I'm looking for advice on the separation of gold precipitate from a yellow precipitate that is possibly NaPd(SO3)*2H2O
The mixed precipitate was from acid/ bleach chlorination on an ore that contained some nitrates when I was first learning to process it. The precipitates were dropped with SMB.
Any help would be appreciated, I have around 150g of the mix that I would like to salvage at some stage and I've been reading this forum till my head hurts :lol:


----------



## Lino1406 (Jun 20, 2018)

Pd will not drop like this. Anyhow rinse the whole mess with water several times and stay with the solids. Keep the liquids for Pd check.

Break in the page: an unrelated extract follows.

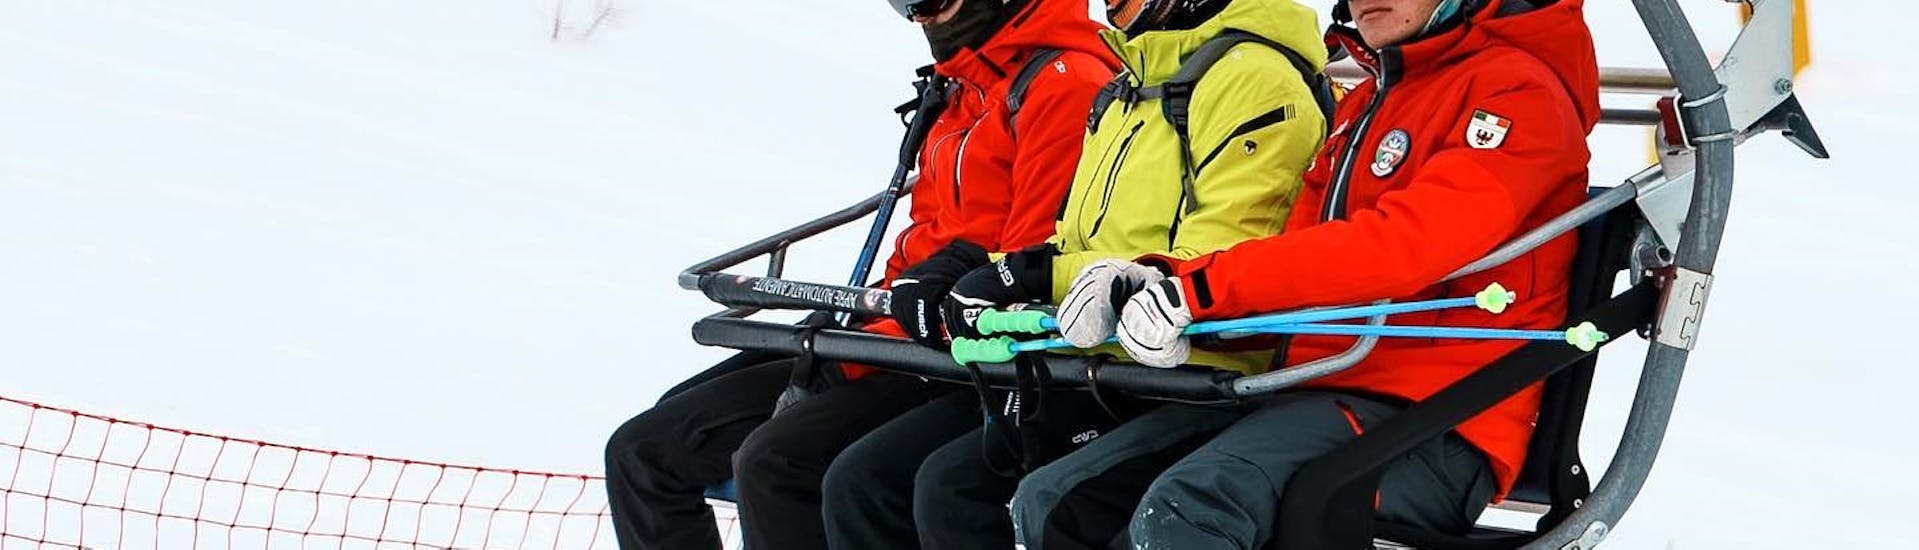 Lezioni di sci per ragazzi (14-18 anni) per tutti i livelli | Special.

Rinse the solids with HNO3. Check for Pd


----------



## fishaholic5 (Jun 20, 2018)

Thanks, the pics are of the washed and dried material.. The original solution contained both gold and palladium and the yellow precipitate dropped separately much later after the gold precipitated.
Only traces cemented from the remaining solution using copper
If you don't think its possible for the palladium to have precipitated this way what would you suggest the yellow precipitate is?


----------



## Lino1406 (Jun 22, 2018)

Sorry Pd is divalent: Na2Pd(SO3)2.2H2O


----------



## fishaholic5 (Jun 23, 2018)

Thankyou very much for the clarification on the formula and help. The more I delve into refining the more I realize I have to learn


----------